1) When the Treasury sells
its bonds to the non-bank rest, there is no new money creation. Only existing
money changes hands, and if that money gets deposited in the TSA, equal amounts
of reserves and deposits get extinguished. Likewise when tax payments get
deposited in the TSA. But after the
Treasury spends the deposited amount, both base money and broad money come back to where they were
before, keeping everything else constant.

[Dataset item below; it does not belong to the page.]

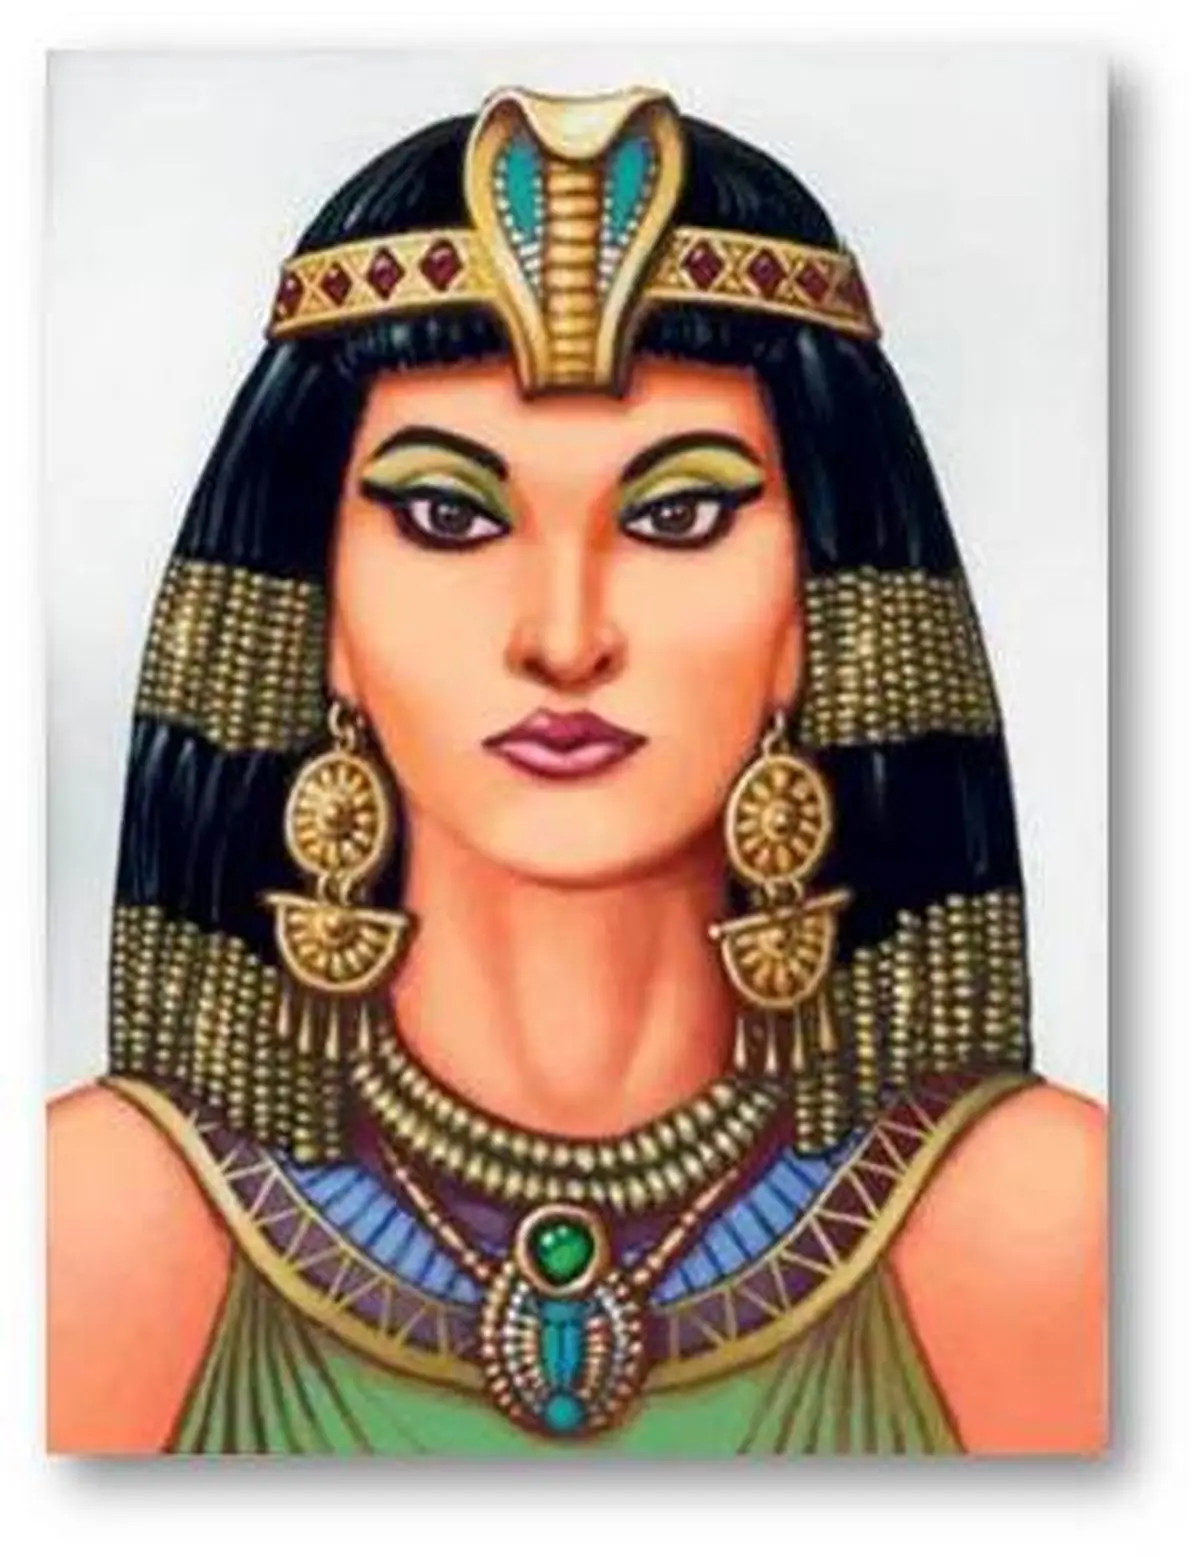  راز زیبایی پوست زنان مصری
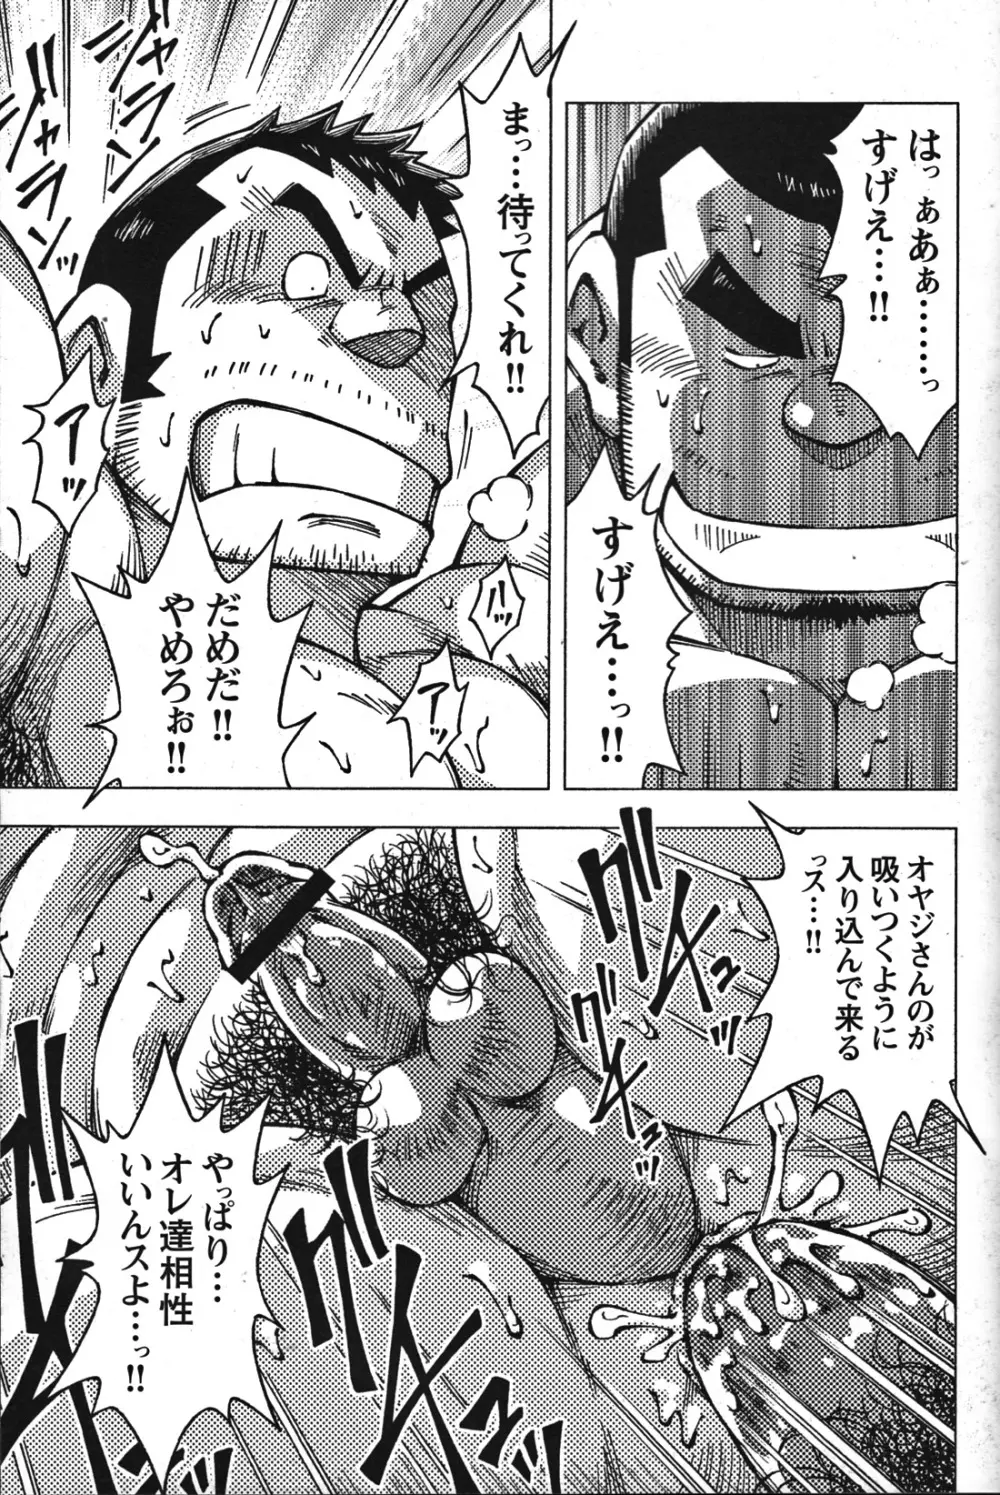 Comic G-men Gaho No.07 62ページ

2) When the Treasury sells
its bonds to banks, three things may happen.
a) If there are banks at
which the Treasury can maintain deposit accounts with or without
restrictions, or there are no such banks and only those banks at which the
Treasury cannot maintain deposits accounts purchase the Treasury bonds, then
these banks buy the Treasury bonds by borrowing from the Central Bank against
which the Central Bank increases the balance of the TSA. After the Treasury
spends the balance, an equal amount of base and broad money get created.
b) If there are banks at
which the Treasury can maintain deposit accounts without restrictions and only
those banks at which the Treasury can maintain deposit accounts without
restrictions purchase the Treasury bonds, then new broad money gets created as
usual. But since the Treasury has to spend only from the TSA, the result is the
same as above.
c) If there are banks at
which the Treasury can maintain deposit accounts with restrictions and only these
banks purchase the Treasury bonds, then a combination of the above two happens.
These observations mean
that whether the Treasury sells some bonds to banks or the same amount directly
to the Central Bank (or the Central Bank loans the same amount to the
Treasury), the changes in the base and broad money are the same after the
Treasury spends the amount, keeping everything else constant. The latter is, of
course, cheaper for the Treasury because the Central Bank has to pay a large
percentage of its profits to the Treasury in every country, whereas the banks,
generally, do not.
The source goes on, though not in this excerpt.